43. The method of claim 30, wherein the personal listening device is at least one of a stereo headset, a mono headset, a hearing aid, and an assistive listening device.

44. The method of claim 30 wherein the personal listening device is a body-worn receiver that provides the combined audio signal to one or more electro-acoustic transducers.

45. The method of claim 30, further comprising enhancing the combined audio signal by using at least one of a waveguide and an amplifier.

46. The method as in claim 30, further comprising:

calculating a ratio of a volume of the first audio signal to a volume of the second audio signal; and

the ratio of the first audio signal volume to the second audio signal volume is automatically adjusted and maintained.

47. A method as in claim 46, wherein the step of calculating calculates the standard deviation of the audio signal over a finite time interval.

48. A method as in claim 46, further comprising storing the ratio in a memory for use by the audio signal combining device.

49. The method of claim 46, wherein the adjusting step is performed by a user via a graphical user interface.

50. A method as in claim 46, wherein the adjusting step is performed using a single user-controllable volume adjustment device that is used to adjust the volume of the combined audio signals throughout such that movement of the single user-controllable volume adjustment device in a first direction will increase the volume of the first audio signal level and decrease the volume of the second audio signal level, and movement in a second direction will increase the volume of the second audio signal level and decrease the volume of the first audio signal level.

51. A method as in claim 30, wherein the respective audio portions of the movie are stored as the first audio signal and the second audio signal.

52. The method of claim 30, wherein the adjusting step is performed using at least one of computer software and hardware.

53. The method of claim 30, wherein the personal listening device is at least one of a cellular telephone, a wireless communication device, a body worn computer, a personal data assistant, a personal audio playback device, a television, and a DVD player.

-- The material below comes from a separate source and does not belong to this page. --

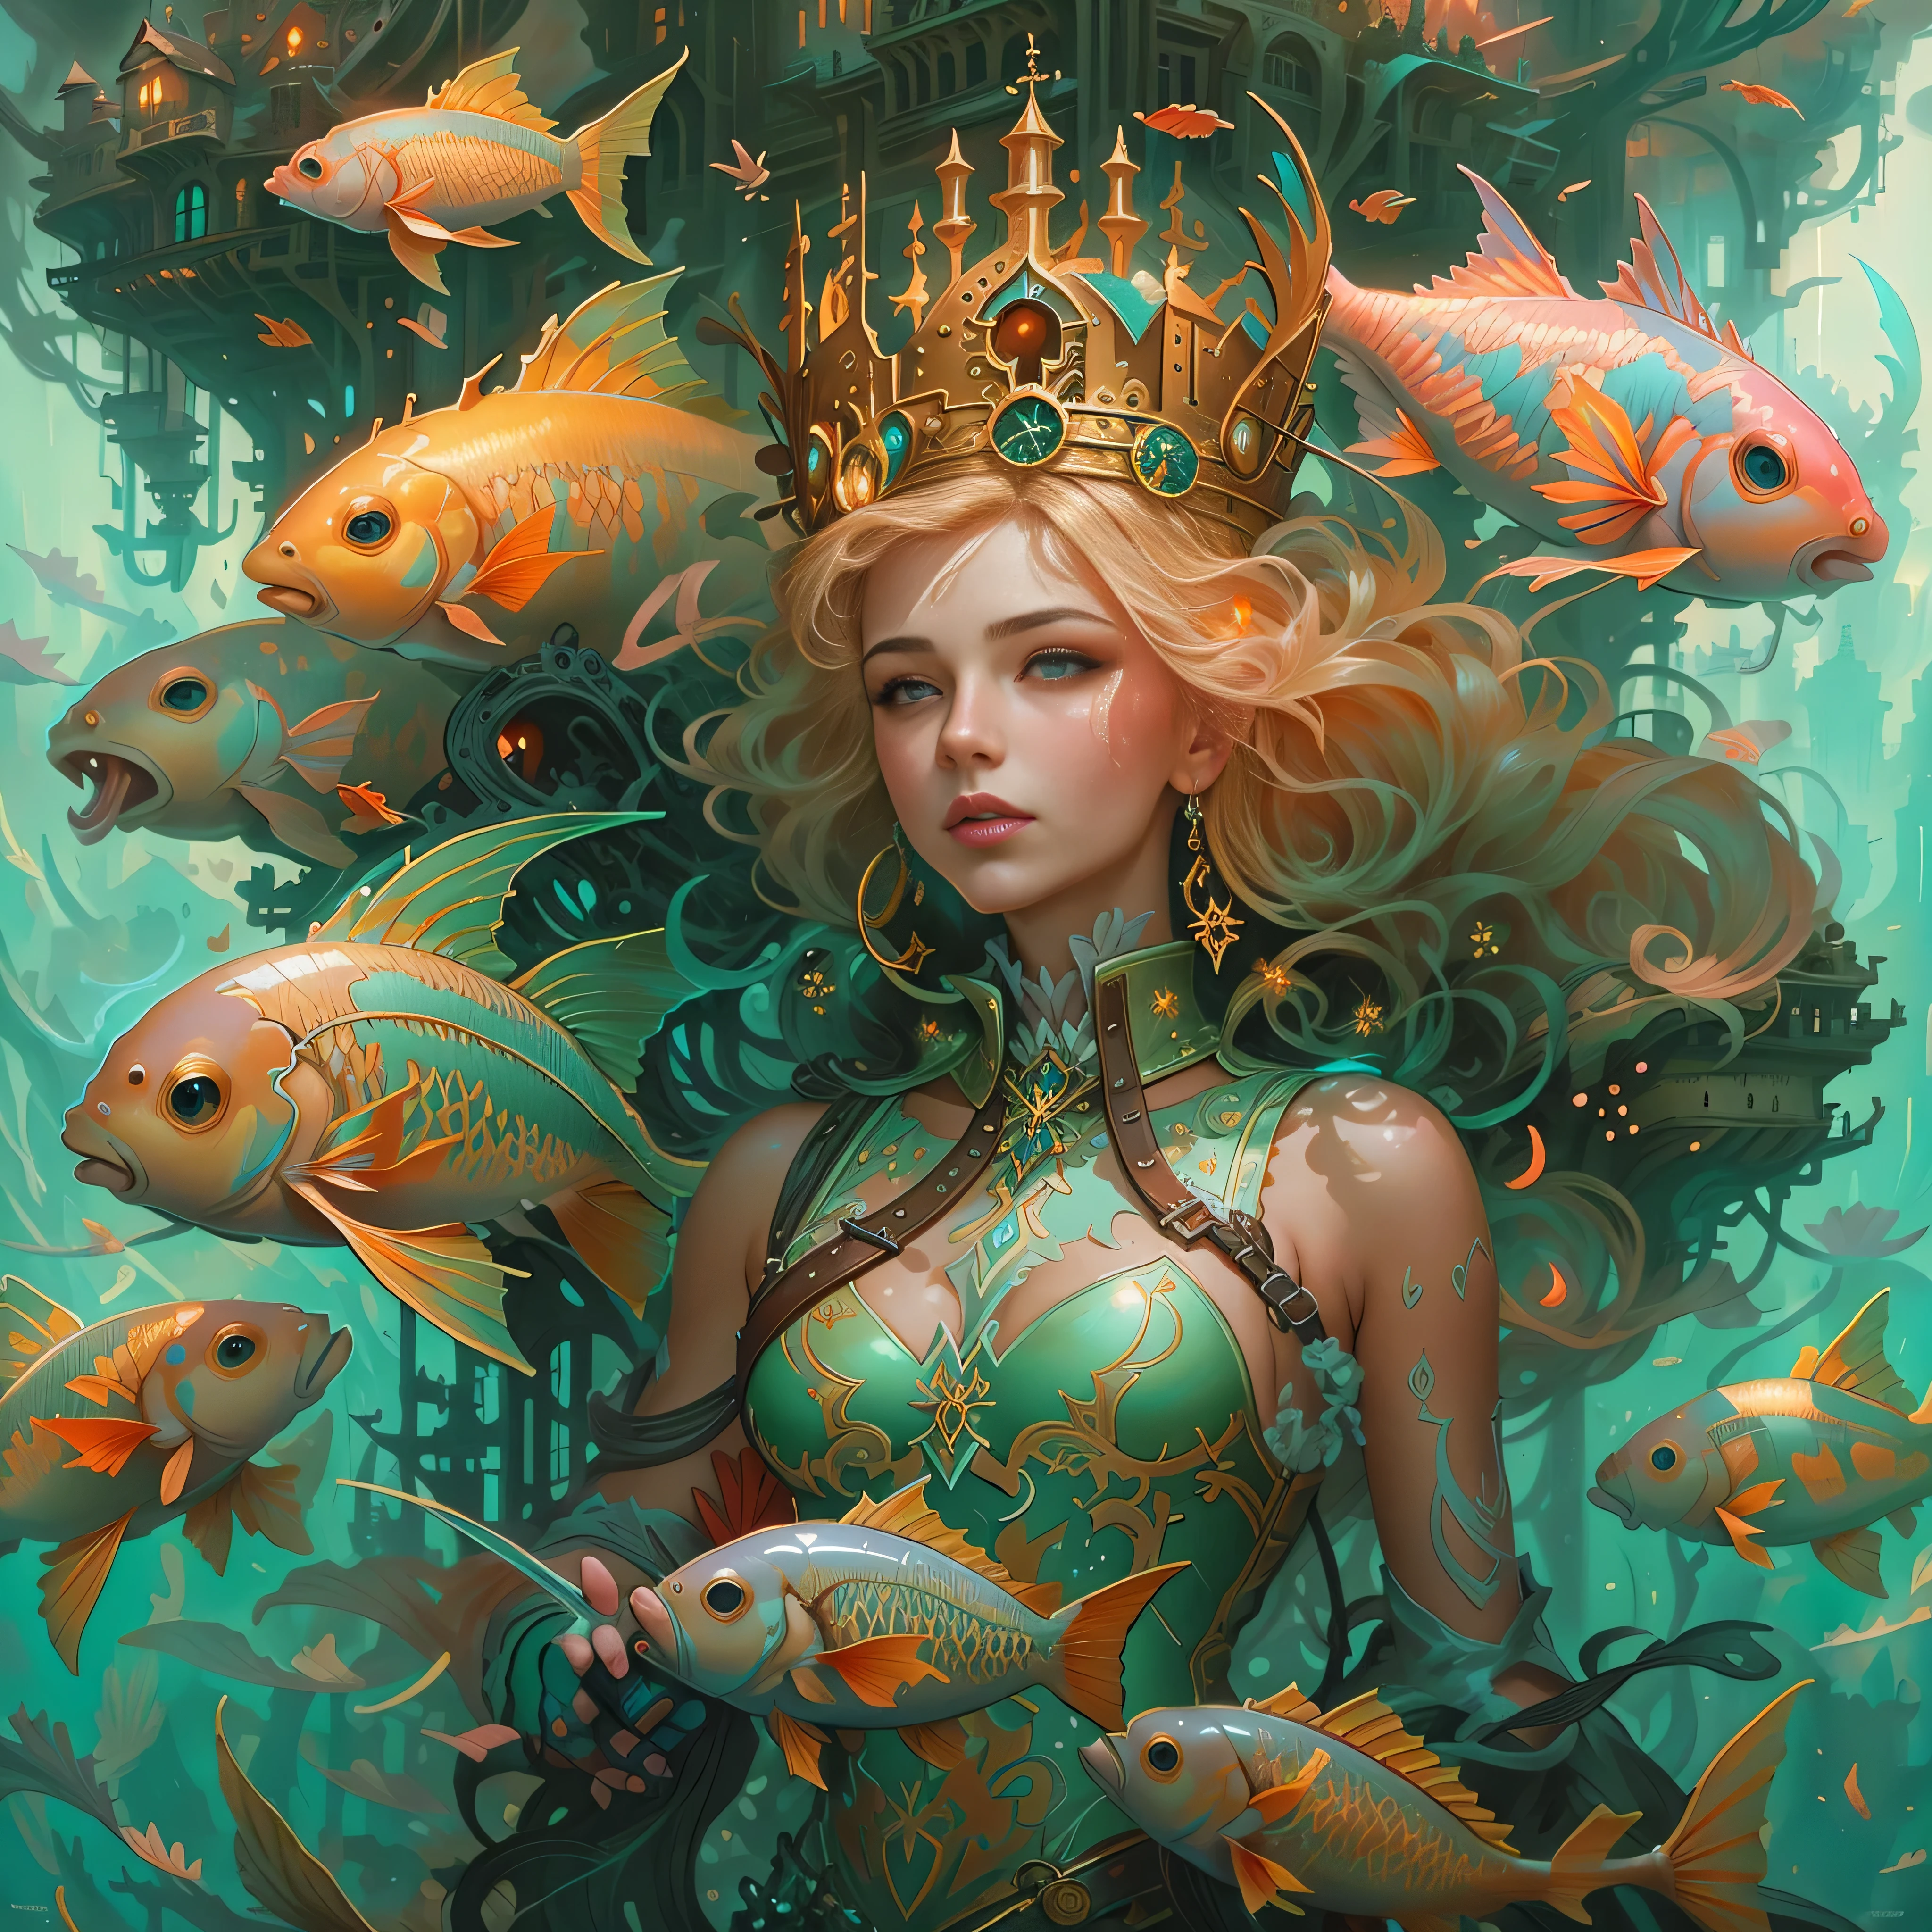 傑作，（（遠處的城堡：1.4，）），夢幻般的水下城市。（海底的美人魚女王，金色的头发，珊瑚礁戴在頭上，美麗明亮的眼睛），被魚包圍, 很多魚，魚群向她遊來，珊瑚礁，氣泡，水下施工，和芒福德·湯姆·巴格肖, 只是个玩笑, 奇幻藝術行為, 莫爾巴赫, 奇幻藝術風格, 詳細的幻想插畫, 一幅美丽的艺术插图, 幻想藝術插畫, style of peter 莫爾巴赫, peter 莫爾巴赫''，官方藝術美學，

54. The method of claim 30, further comprising adjusting the volume of the combined audio signal.

55. The method of claim 54 wherein the conditioning of the combined audio signal includes using a user controllable switch that instantly effects mixing of the first audio signal with the original version of the second audio signal.

56. A method as in claim 54, wherein the conditioning of the combined audio signal comprises converting the combined audio signal into an audio signal having a predetermined number of channels of spatial information.

57. The method of claim 56, wherein the transforming step transforms an audio signal having a combination of left, center, right surround, and left surround spatial information channels into a signal having only left and right spatial information channels.

58. The method of claim 30, wherein the second audio signal comprises at least a portion of the first audio signal.